Titled “Cross-Border Remittances and Poverty Reduction in Developing Countries,” the paper's authors examined data from 62 developing economies from 1990 to 2024 using a dynamic panel approach.
The analysis employed three poverty indicators — poverty headcount, poverty gap and poverty severity — across international poverty levels of $3.0, $4.20 and $8.30 per day.
Results showed that remittances significantly lower poverty across all measures.
“Our estimated elasticities remain consistent with established panel evidence, which indicate strong poverty-reducing effects of remittances,” the paper said, adding that these were consistent even when the sample was restricted to countries with remittances exceeding three percent and five percent of gross domestic product (GDP).
The study also found that education plays an important role in shaping the poverty-reducing effects of remittances. Higher educational attainment independently lowers poverty while the interaction between remittances and education suggests the marginal impact of remittances tends to be smaller in countries with higher levels of human capital.
It means that remittances may act as an alternative support mechanism in economies with lower education levels, while in more educated economies, both remittances and human capital contribute jointly to poverty reduction, the BSP paper said.
Meanwhile, income inequality was found to worsen poverty outcomes, with positive and significant Gini coefficients across the poverty indicators.
The Gini coefficient is a statistical measure of economic inequality that gauges how income or wealth is distributed across a population.

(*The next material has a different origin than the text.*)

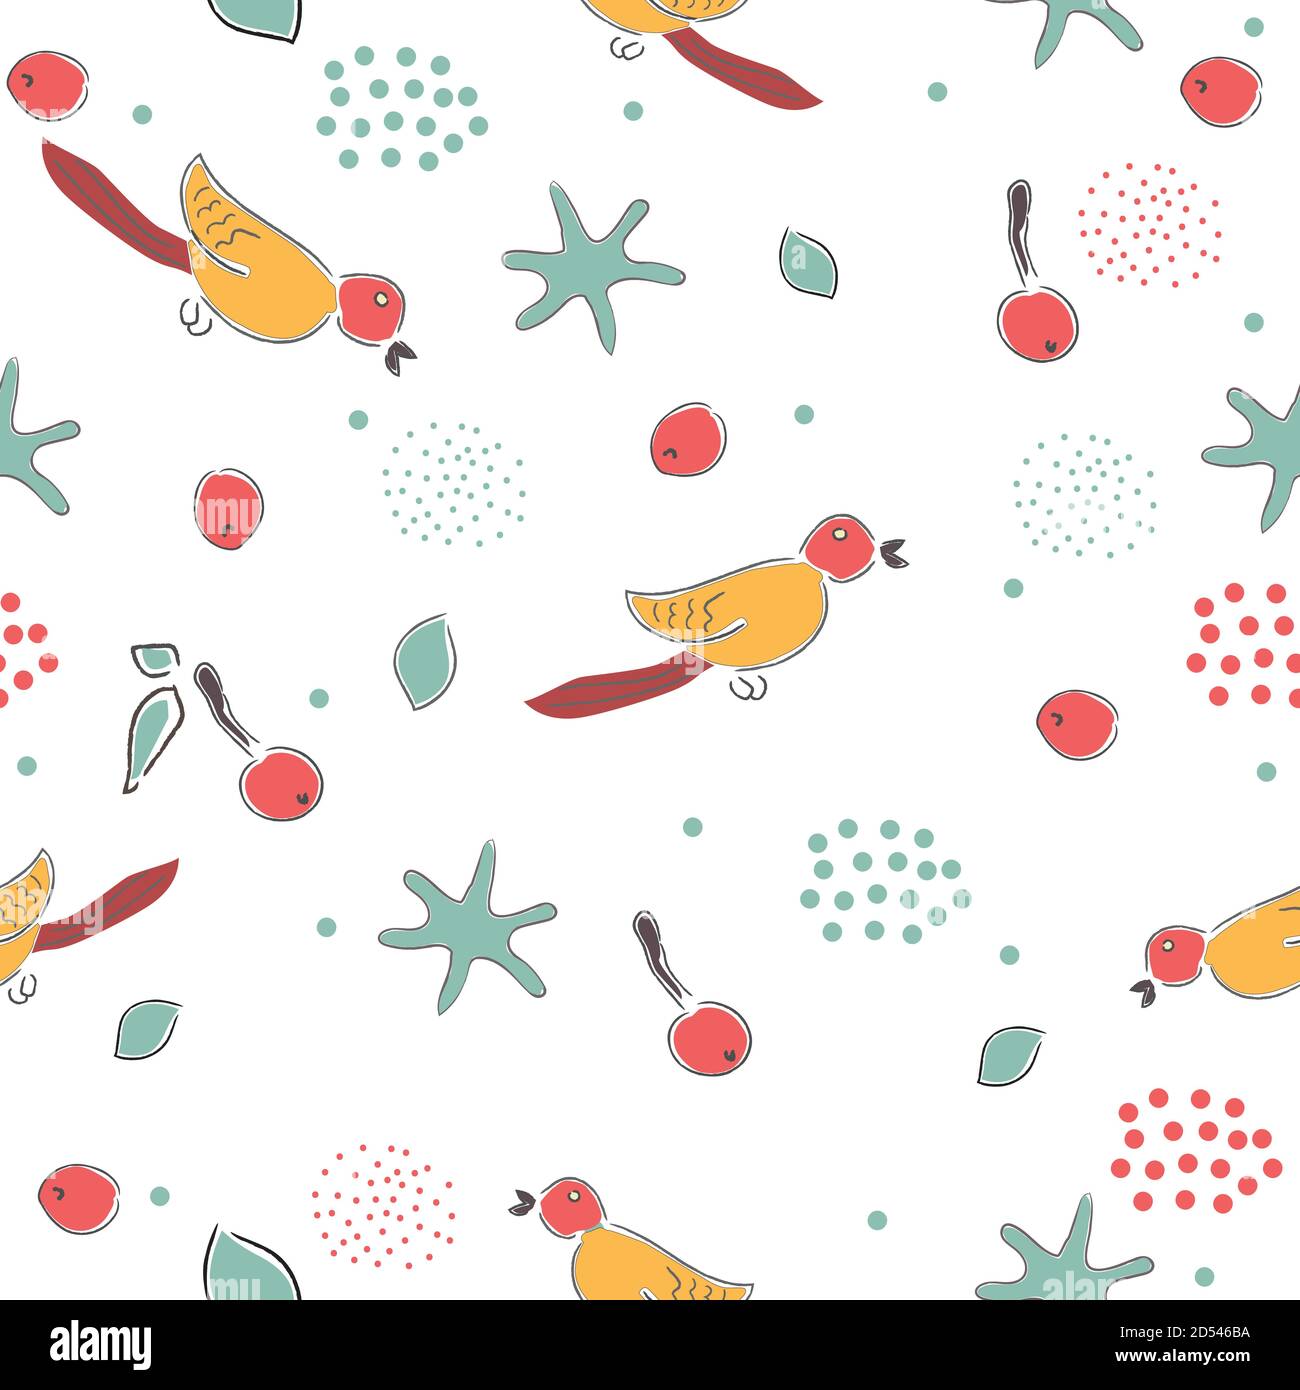 Cute Hand Drawn Pattern With Red Bird. Great for Wall Art, t-shirts, cups, fabric, textile, gift wrapping, swatches, prints, scrapbooks, etc. Vector I Stock Vector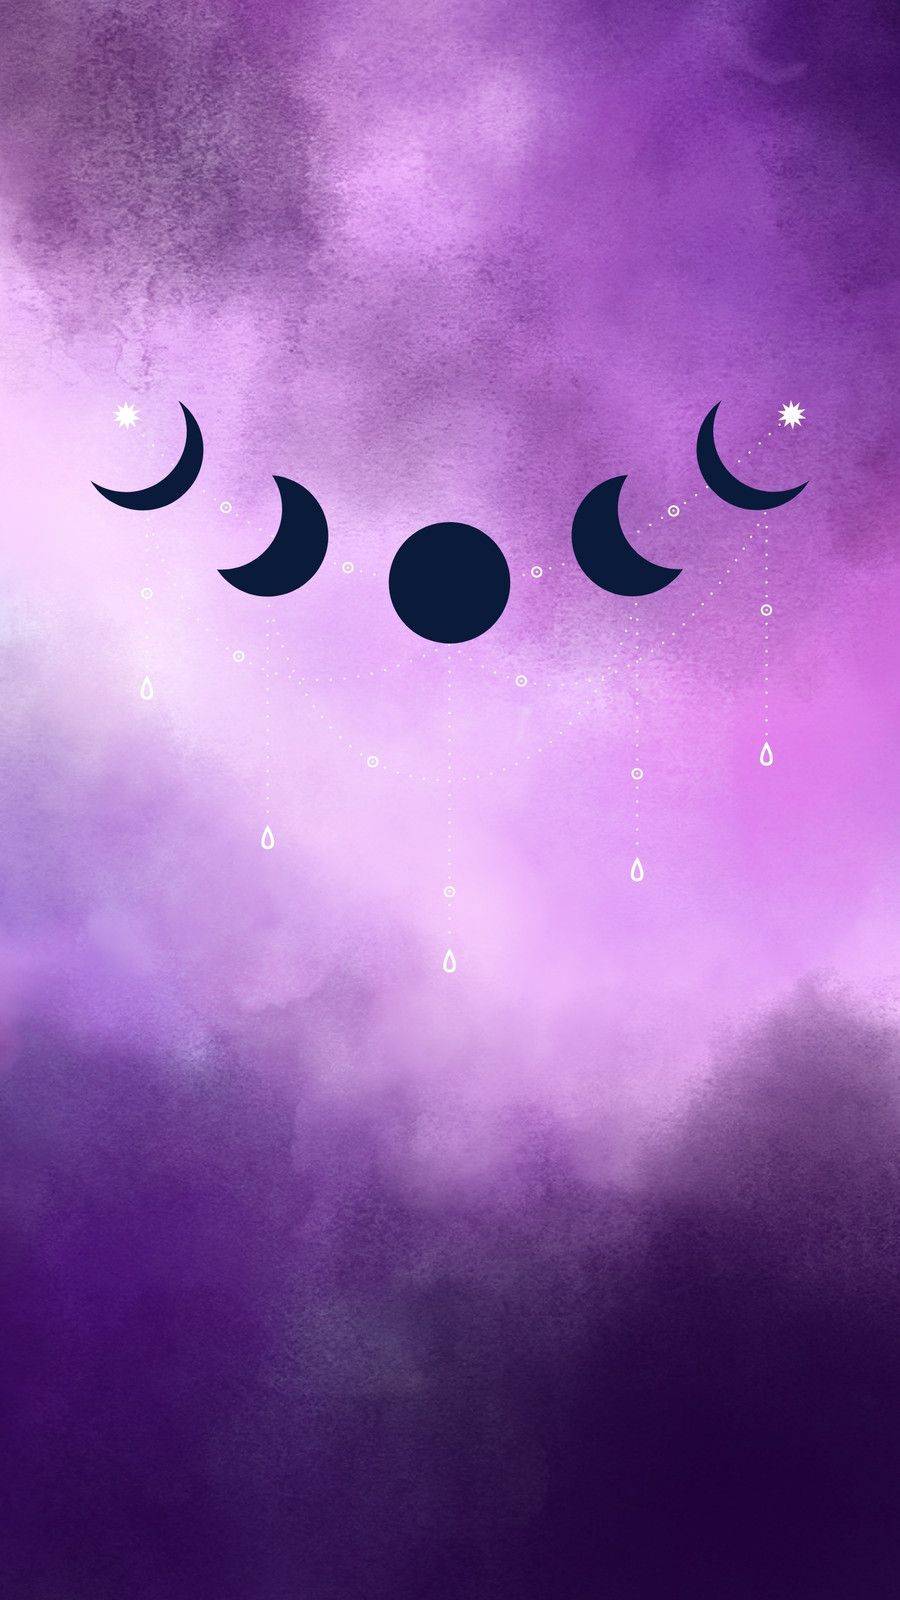 A purple and blue background with the moon phases - Moon phases

The results of the BSP study showed that greater remittance inflows, stronger education outcomes and lower inequality were each associated with meaningful reductions in poverty across developing economies.
Policies for easy remittance systems could strengthen their poverty-reducing impact. These include lowering fees and reducing administrative costs for migration documents, the study said.
It noted that the average cost of sending remittances was 6.4 percent in 2023, more than double the Sustainable Development Goal target of three percent. Mobile-to-mobile transfers averaged 3.5 percent, highlighting the benefits of digital solutions.
Migrant workers typically send $200 to $300 every one to two months, which often helps recipient families move from survival to greater financial stability.
High remittance costs are driven by limited competition among providers and weak cross-border interoperability, the study noted, adding that “lowering the costs of migration can make international migration accessible to poorer households and allow it to serve as their pathway out of poverty.”